Gains From Increase Countered By Drop In State Aid, Provost Says


While most State University of New York students noticed this year's $950 tuition increase, the first general tuition increase in seven years, the university has yet to see any benefits, according to Provost Elizabeth Capaldi.

Capaldi discussed the struggles of breaking even within the confines of a dropping budget at Wednesday's meeting of the Faculty Senate Executive Committee in Capen Hall.

"We all know that there was a tuition increase, but that we have no more money than we did before," said Capaldi.

Capaldi said for every extra dollar of tuition paid by UB students there was a proportionate drop in the amount of money from taxes allocated to the State University of New York in the state budget.

"We've always said that money is money, and so if money comes from somewhere, the flavor of that money doesn't matter," said Capaldi.

But this year, Capaldi said, the source of funding matters more because there is a shift in the amount of funding that comes from students.

"It does (matter) for the students. We've shifted the burden to the students to pay more in tuition for the same amount of spending we saw last year," she said.

According to Capaldi, the original proposed tuition increase was $1,200 for in-state students and $5,000 for out-of-state students, and with these increases, the budget would have balanced itself.

However, with only a $950 increase for in-state students and a $2,000 increase for out-of-state students approved, the budget was still unbalanced.

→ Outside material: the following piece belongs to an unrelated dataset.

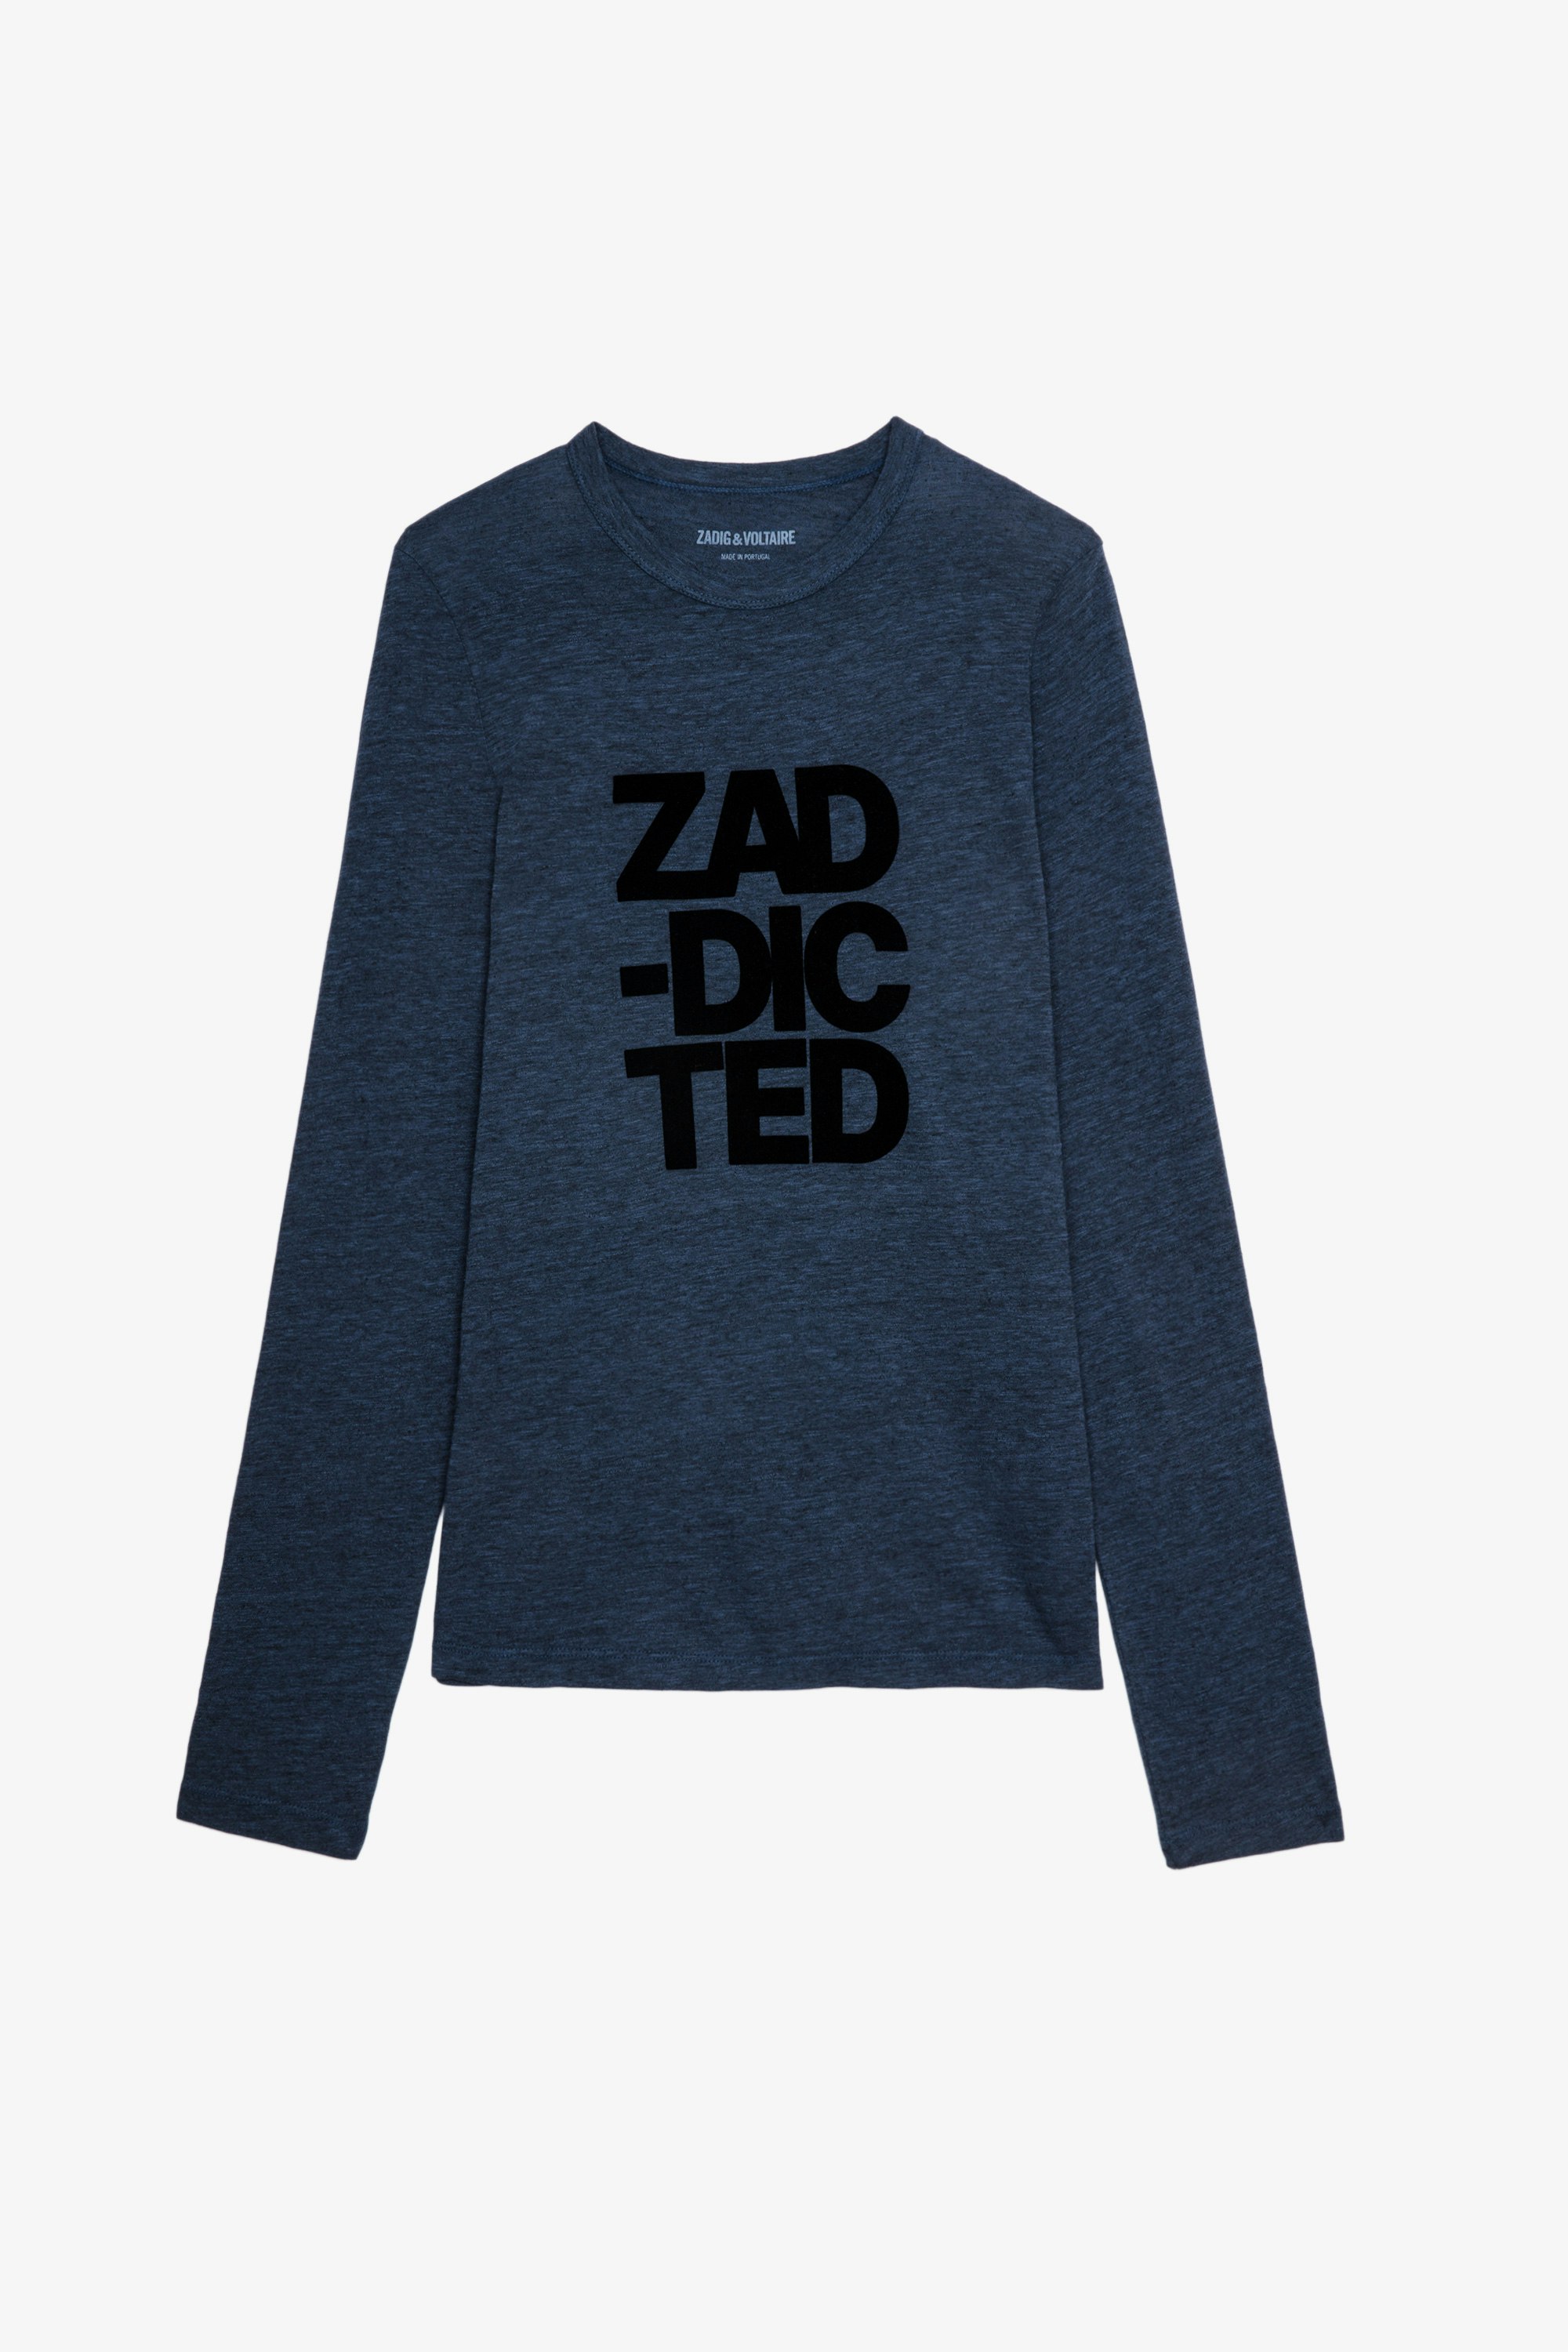 Willy Zaddicted Ｔシャツ Women’s blue T-shirt with zaddicted appliqué

"With these numbers, we knew that there would be money problems," said Capaldi.

She went on to explain that as tuition rises, the university itself ends up spending more money to proportionately increase the amount of funds paid out in scholarships.

"Overall, we lose money," said Capaldi, attributing the loss not only to scholarships, but also to graduate and medical schools at UB, which, she said, actually take more money to run than they receive in tuition.

"There's nothing evil about (the budget)," Capaldi said. "It's not as though there's extra money just laying around, we're just trying to keep everybody whole."